Encouraging Eddie Jones says the Wallabies are on the right track despite moral spills

Although it was Rennie’s first loss to Jones, the pattern of the game was very close to the defeats that Michael Cheika experienced.

While they were far from the better side through the first 40 minutes, James O’Connor kicked four penalties to ensure the Wallabies were only 16-12 behind at the break.

But after the break, the Wallabies crumbled after the same script from the seven defeats that preceded Sunday’s showdown. England’s calm and pressure proved to be superior and late points pushed the goal line out to a comfortable margin.

In the eight tests since the Wallabies last beat England, Jones’ team has collected an overall score of 171-63 in the second half alone.

England coach Eddie Jones sees his players warm up before taking on the Wallabies.

England coach Eddie Jones sees his players warm up before taking on the Wallabies.Credit:AP

To put it in a further context, the overall score through all eight first halves is 111-88 in England’s favor.

The almost bankable gap between the Wallabies’ first half and second half standard was hinted at by Jones in the run-up to this match. He suggested the match would be won in the last 20 minutes and he was on the money. With 20 left, England led just 19-15.

That was when Rennie’s team started treating the ball with ignorance, and on an already undisciplined night where they lost two players to the sin team, the Wallabies were duly punished. Owen Farrell received two more penalties and a full-time attempt led England to finish with a 17-point margin of victory.

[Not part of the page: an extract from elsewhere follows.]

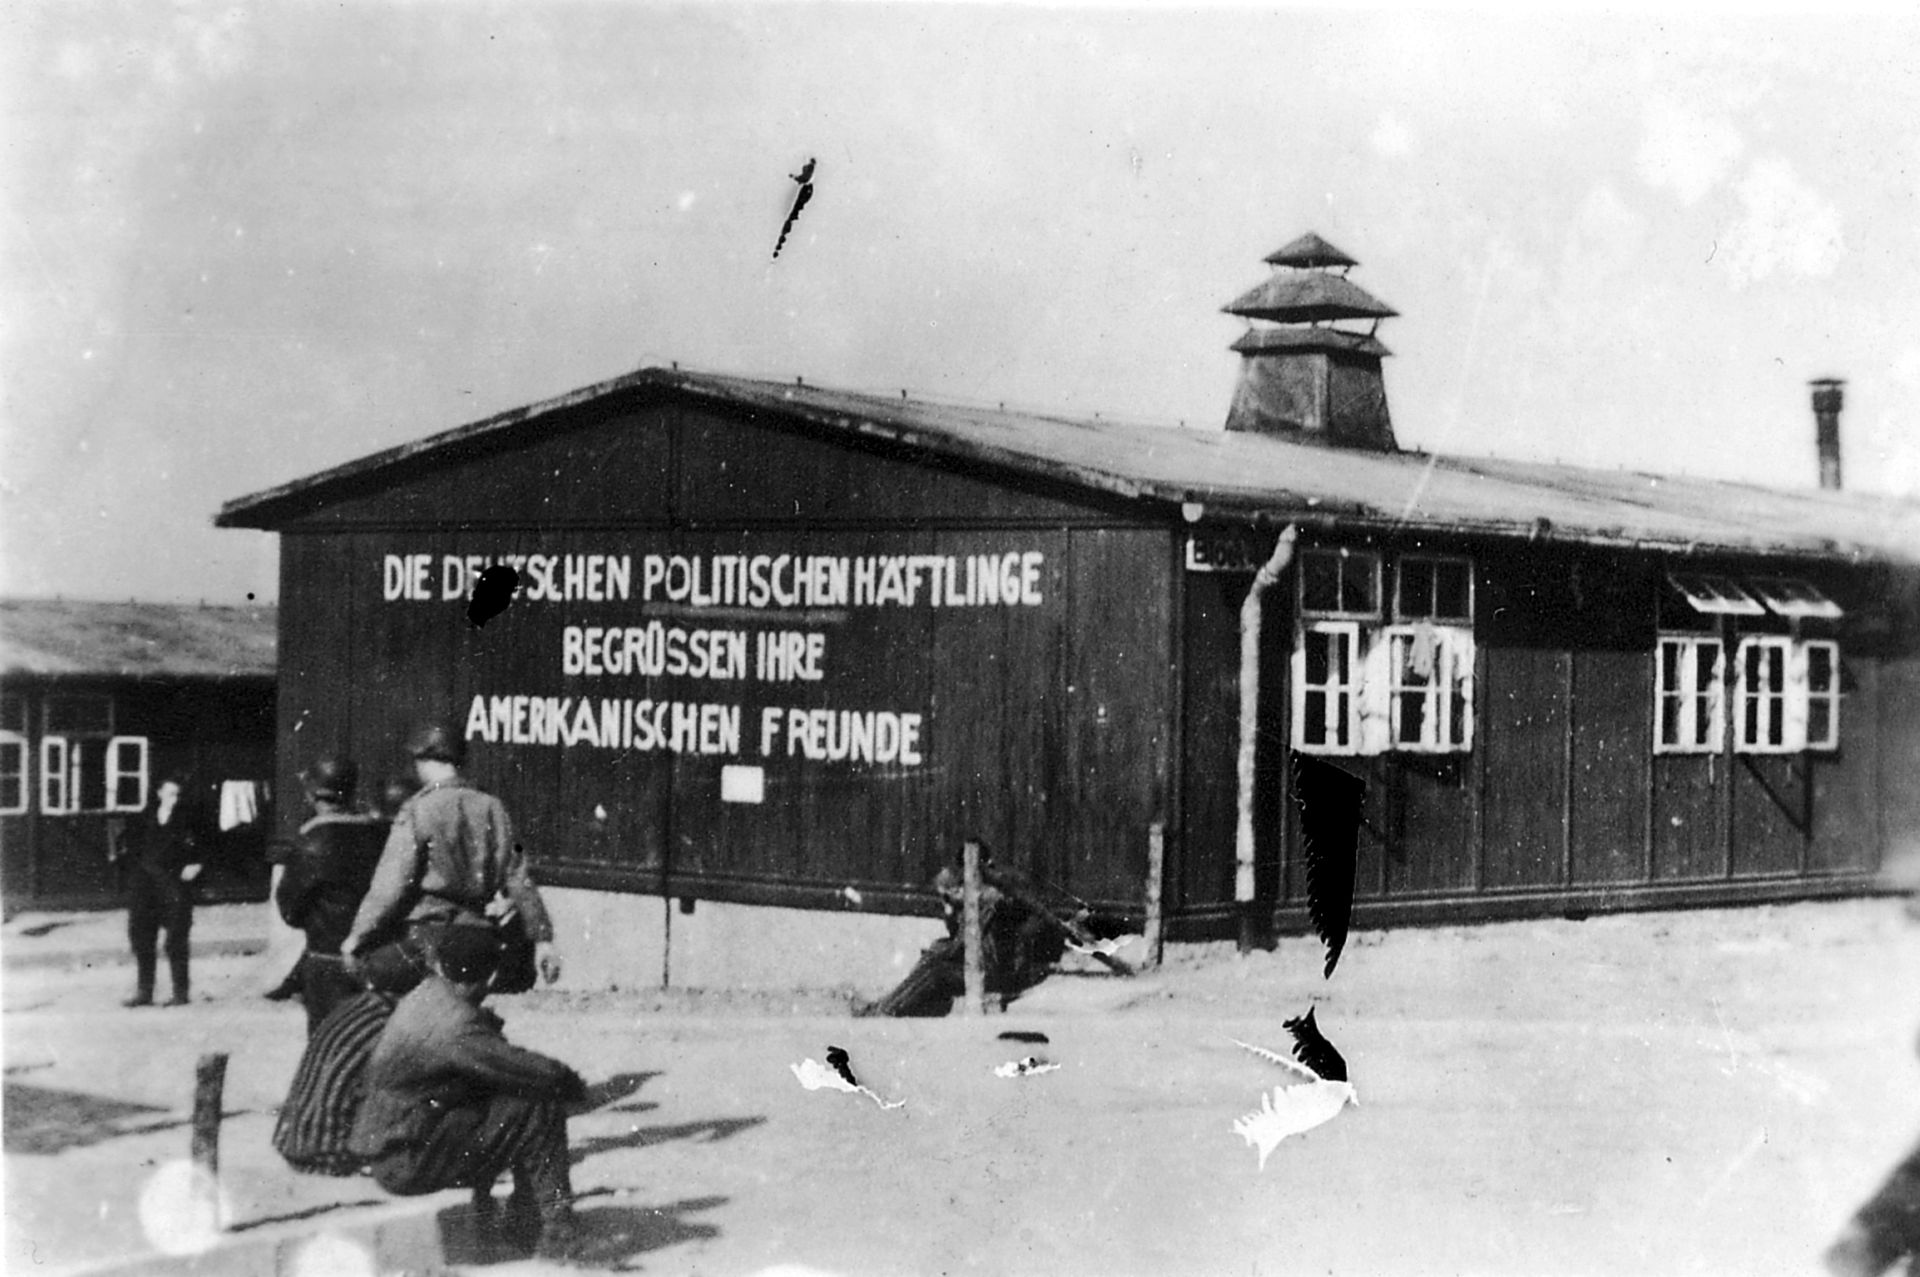 https://upload.wikimedia.org/wikipedia/commons/thumb/9/9b/Buchenwald-J-Rouard-01.jpg/1920px-Buchenwald-J-Rouard-01.jpg

“We just made too many mistakes and stupid punishments,” Rennie said.

Australia's Len Ikitau hits the ball.

Australia’s Len Ikitau hits the ball.Credit:AP

“They put us under pressure. Frustrating, but there was a lot of character shown tonight. Not accurate enough, not good enough tonight.”

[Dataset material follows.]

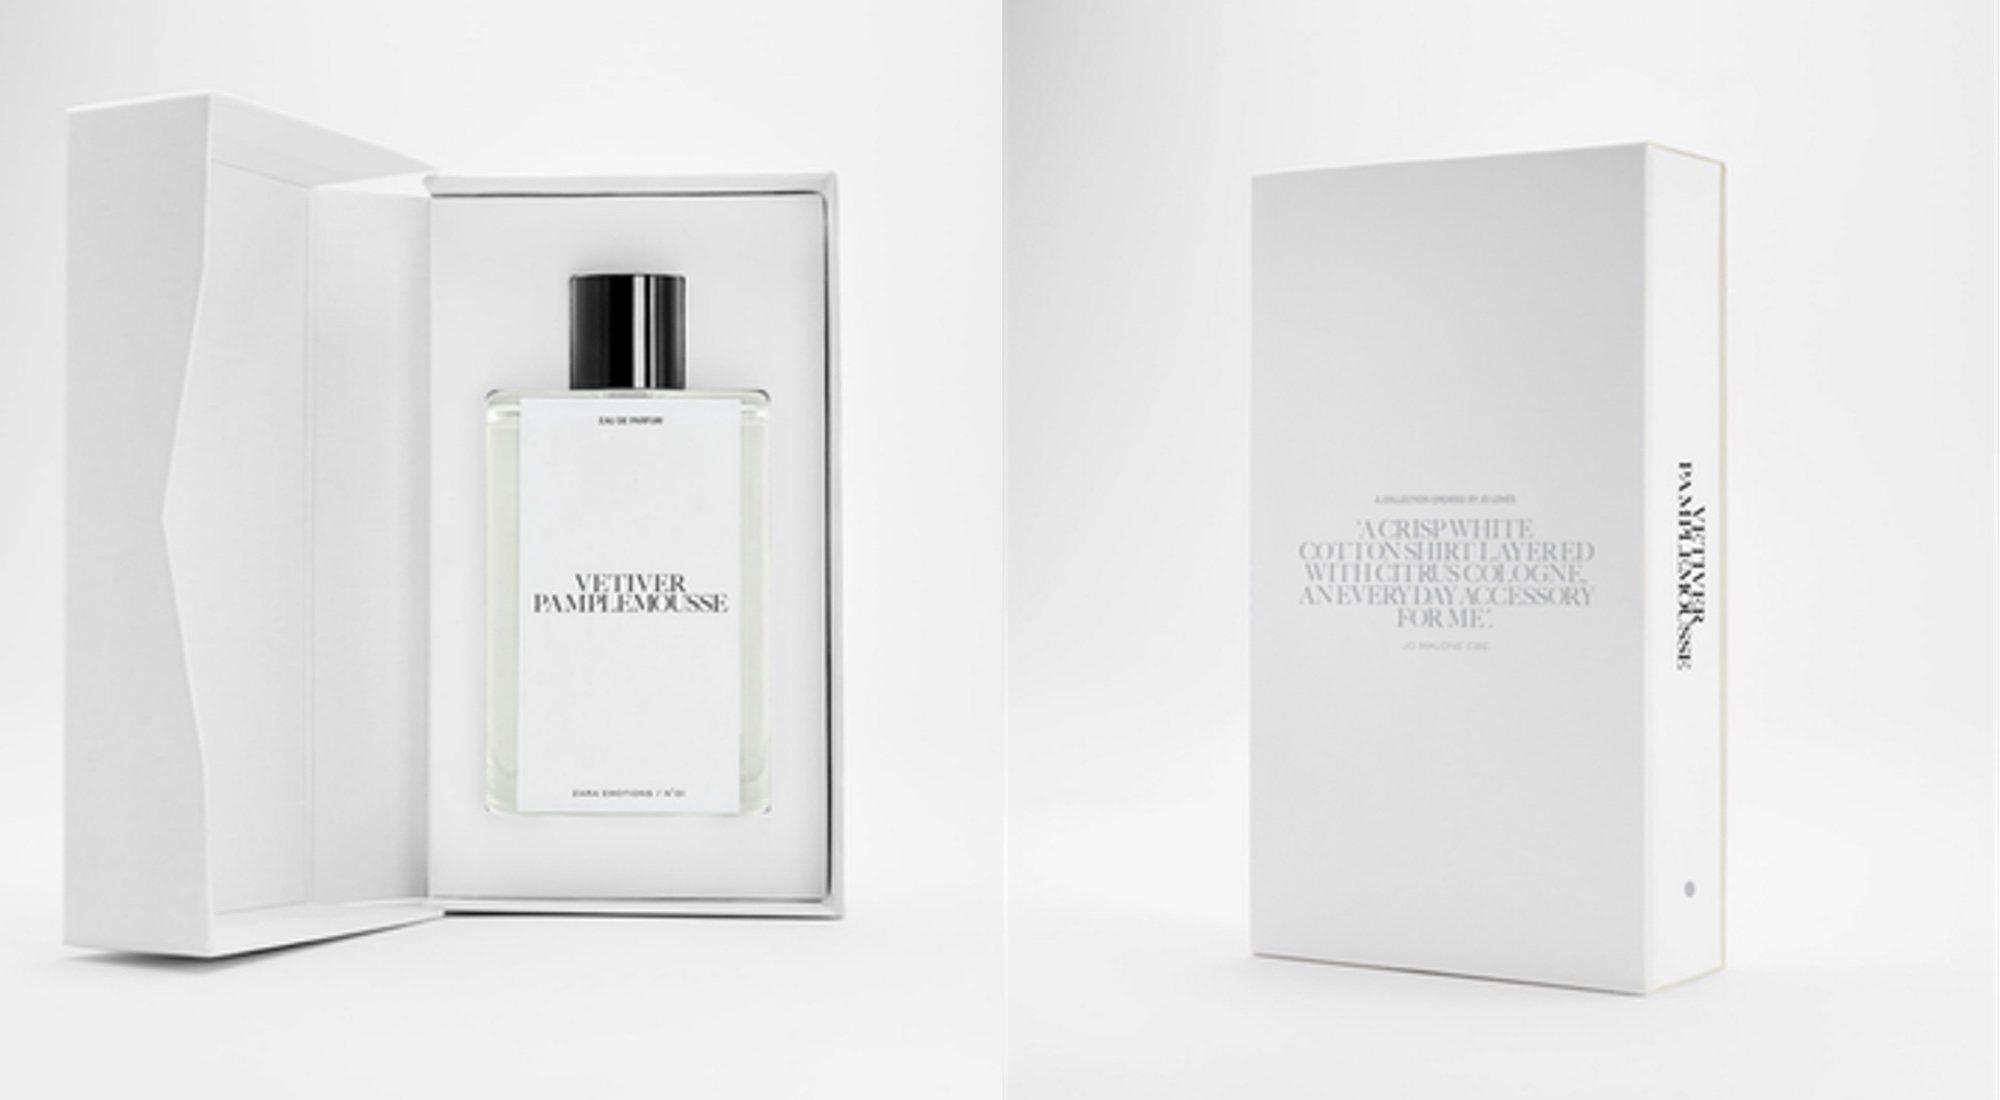 Zara Emotions by Jo Malone CBE: alta perfumería a precios competitivos

Jones said the Wallabies should be proud of the effort.

“They hung in there – we were just too strong for them in the last 20,” Jones said.

“If you look at what’s ahead for Australian rugby, then they have the World Cup 2023 in France, the (British and Irish) Lions are coming in 2025, and there has probably been a handshake that they will have the World Cup in 2027. So they have a lot to look forward to.

“The Australian sports environment needs a strong Wallabies – and the world rugby environment needs it too.

“So you have to be positive.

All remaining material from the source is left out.